Military Governor of Puerto Rico
- In office October 18, 1898 – December 6, 1898
- Preceded by: Nelson Appleton Miles
- Succeeded by: Guy Vernor Henry

Personal details
- Born: July 21, 1838 Pottstown, Pennsylvania, US
- Died: September 5, 1926 (aged 88) Philadelphia, Pennsylvania, US
- Resting place: Arlington National Cemetery

Military service
- Allegiance: United States of America Union
- Branch/service: United States Army Union Army
- Years of service: 1861–1902
- Rank: Major General
- Battles/wars: American Civil War Battle of Antietam; Battle of Chancellorsville; Battle of Gettysburg (WIA); Overland campaign Battle of Spotsylvania Court House; ; Battle of Cold Harbor (WIA); ; American Indian Wars; Spanish–American War;

= John R. Brooke =

Union Army general and governor of Puerto Rico

John Rutter Brooke (July 21, 1838 – September 5, 1926) served as Military Governor of Puerto Rico, Military Governor of Cuba, and was one of the last surviving generals of the American Civil War when he died aged 88.

==Early life==
Brooke was born in Pottstown, Pennsylvania, and was educated in nearby Collegeville and West Chester.

==Civil War==
Brooke's military career began when he joined the 4th Pennsylvania Infantry with the rank of captain in April 1861. In August, he became colonel of the newly raised 53rd Pennsylvania Infantry and served in the 1862 Peninsula Campaign.

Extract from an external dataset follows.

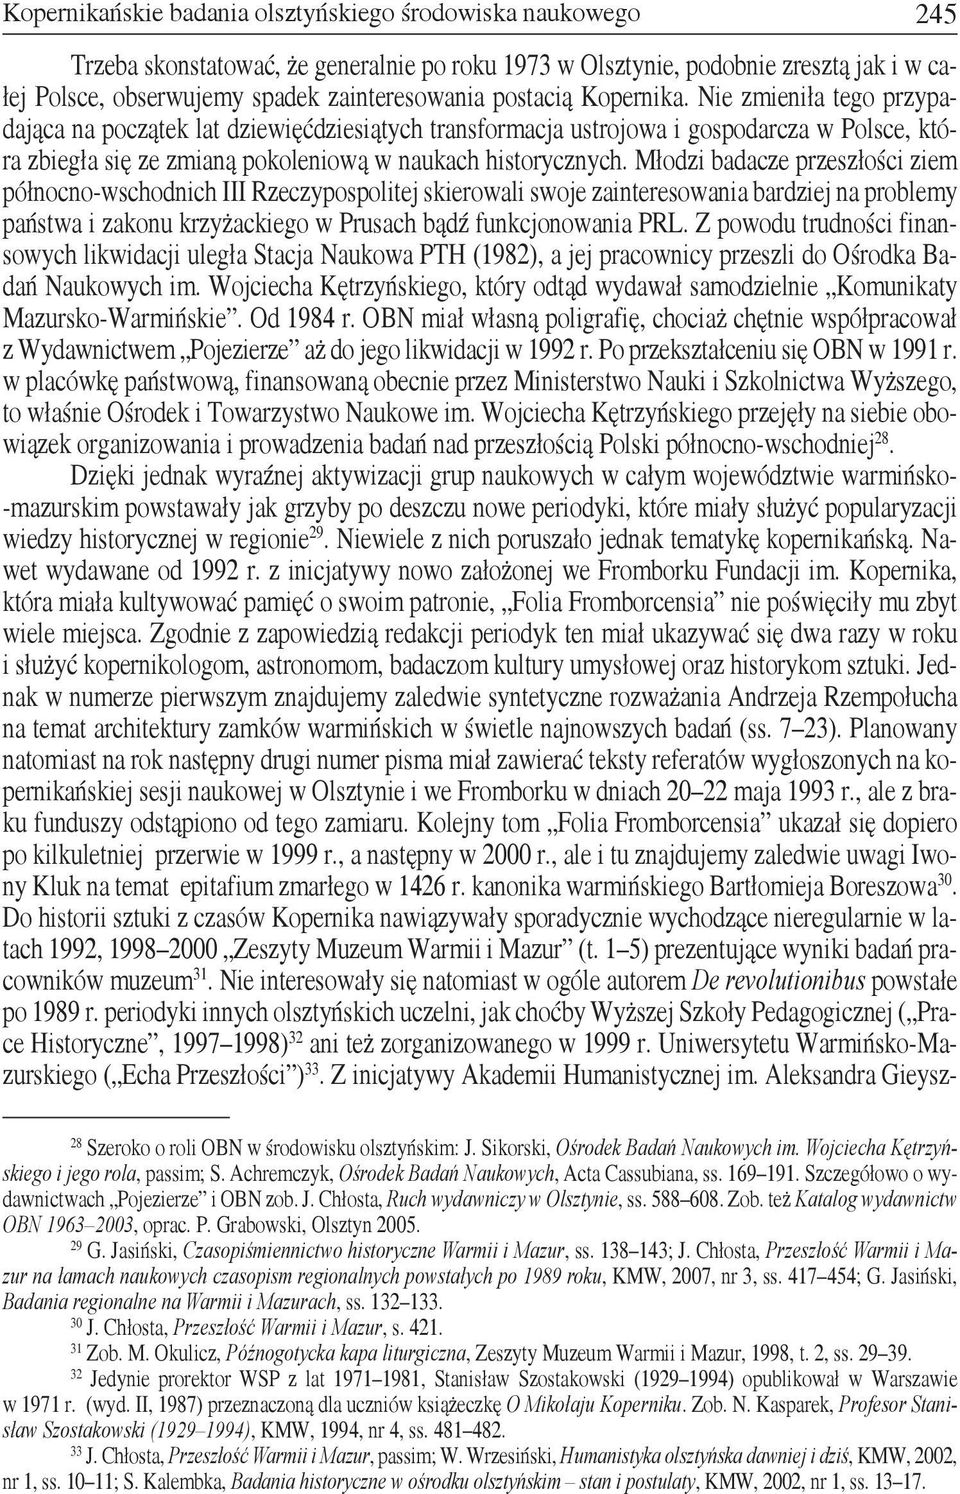 Młodzi badacze przeszłości ziem północno-wschodnich III Rzeczypospolitej skierowali swoje zainteresowania bardziej na problemy państwa i zakonu krzyżackiego w Prusach bądź funkcjonowania PRL.

He temporarily commanded a brigade during the Battle of Antietam in September of that year. In May 1863, he was given permanent command of a brigade of the 1st Division of the II Corps, which he led in the Battle of Chancellorsville and during the Gettysburg campaign.

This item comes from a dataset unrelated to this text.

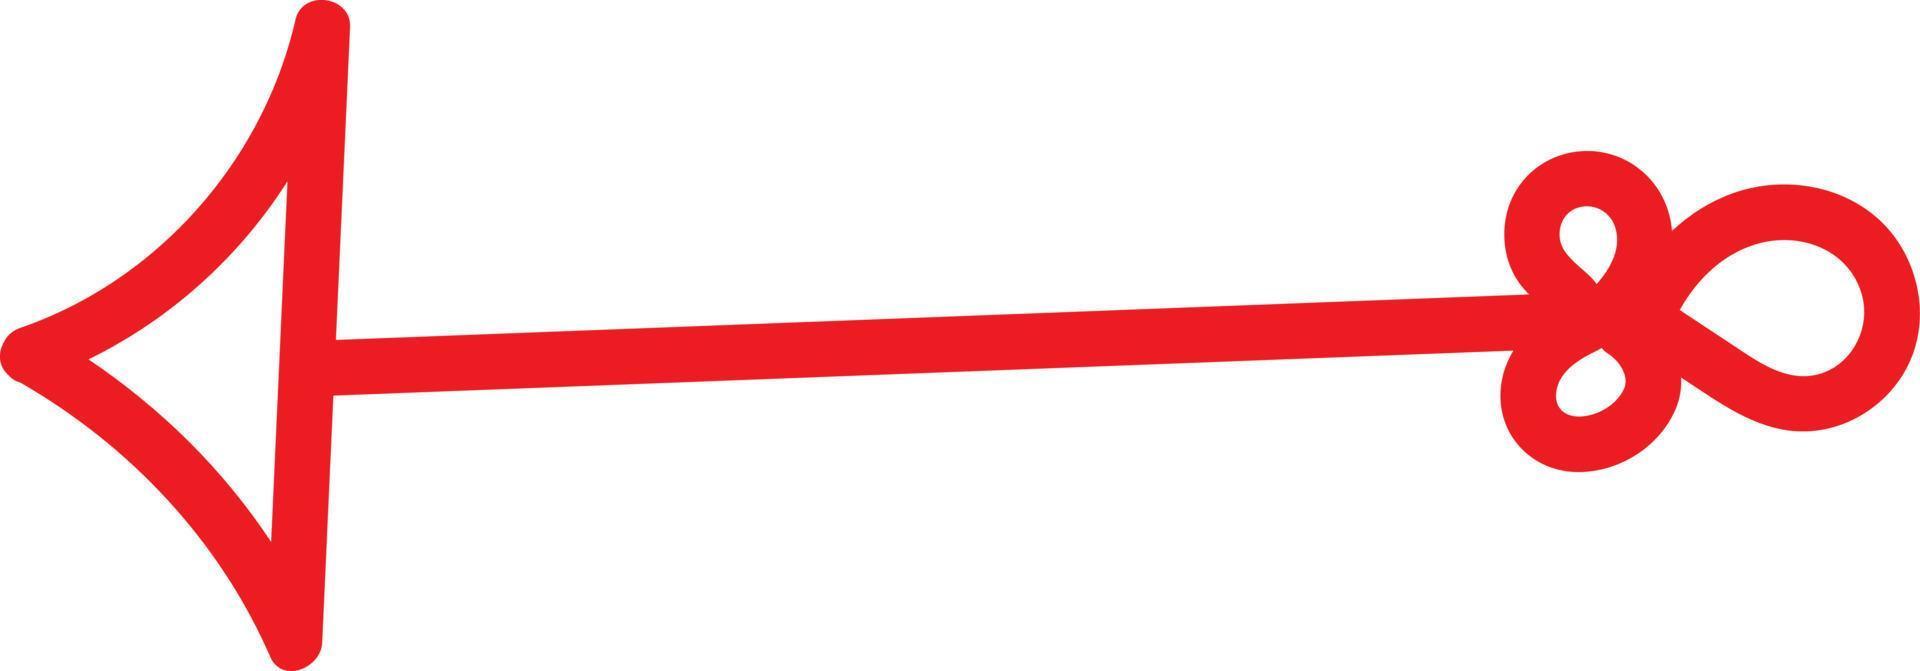 Flèche rouge avec queue inhabituelle pointant vers la gauche, illustration, vecteur sur fond blanc.

On the second day of the Battle of Gettysburg, July 2, 1863, Brooke found himself in the thick of the action when Confederate lieutenant general James Longstreet launched his assault against the Union lines south of Gettysburg. Rushed into action as reinforcements by Maj. Gen. Winfield Hancock, Colonel Brooke launched a limited counterattack against oncoming Confederate forces with his brigade in the Wheatfield. Although he was knocked out of action with a severe wound, his men temporarily stopped the Confederates and stabilized the Union line long enough to prevent a breakthrough.

After recovery, Brooke subsequently also fought in the Overland Campaign, including the Battle of Spotsylvania Court House and other battles. He was promoted to brigadier general of volunteers on May 12, 1864. General Brooke was critically wounded, again, at Cold Harbor in June. Brooke led a division in western Virginia late in the war. He was promoted to brevet major general in the volunteer army on August 1, 1864, for his service at Totopotomoy and Cold Harbor, and to brevet brigadier general in the regular army on March 2, 1867, for Spotsylvania Court House.

==Later life==
In 1866, Brooke accepted a commission as the lieutenant colonel of the 37th U.S. Infantry of the regular army. Thirteen years later, he was given the position of colonel of the 13th U.S. Infantry, serving on the frontier in various posts.

In 1888, he was promoted to brigadier general and was in command of the Department of the Platte when the Ghost Dance began in 1890. He was ordered by General Nelson Miles to rush the 7th U.S. Cavalry up to Wounded Knee. He left this command in 1895.

In 1897, he was promoted to major general in the Regular Army and assigned to command the First Corps during the Spanish–American War. In Puerto Rico, he landed in Arroyo with General Hains, and reached Guayama by the time the armistice was signed. When General Miles left the island in October 1898 to return to the United States, Brooke became military governor and head of the army of occupation in the U.S. military government. On December 6, Brooke was replaced by General Guy Vernor Henry, and by December 13, was named to the same position in Cuba.

General Brooke was a member of the Military Order of the Loyal Legion of the United States (Companion #02434) and served as its national commander-in-chief from 1905 to 1907. He was also a member of the Minnesota Society of Colonial Wars and the Military Order of Foreign Wars.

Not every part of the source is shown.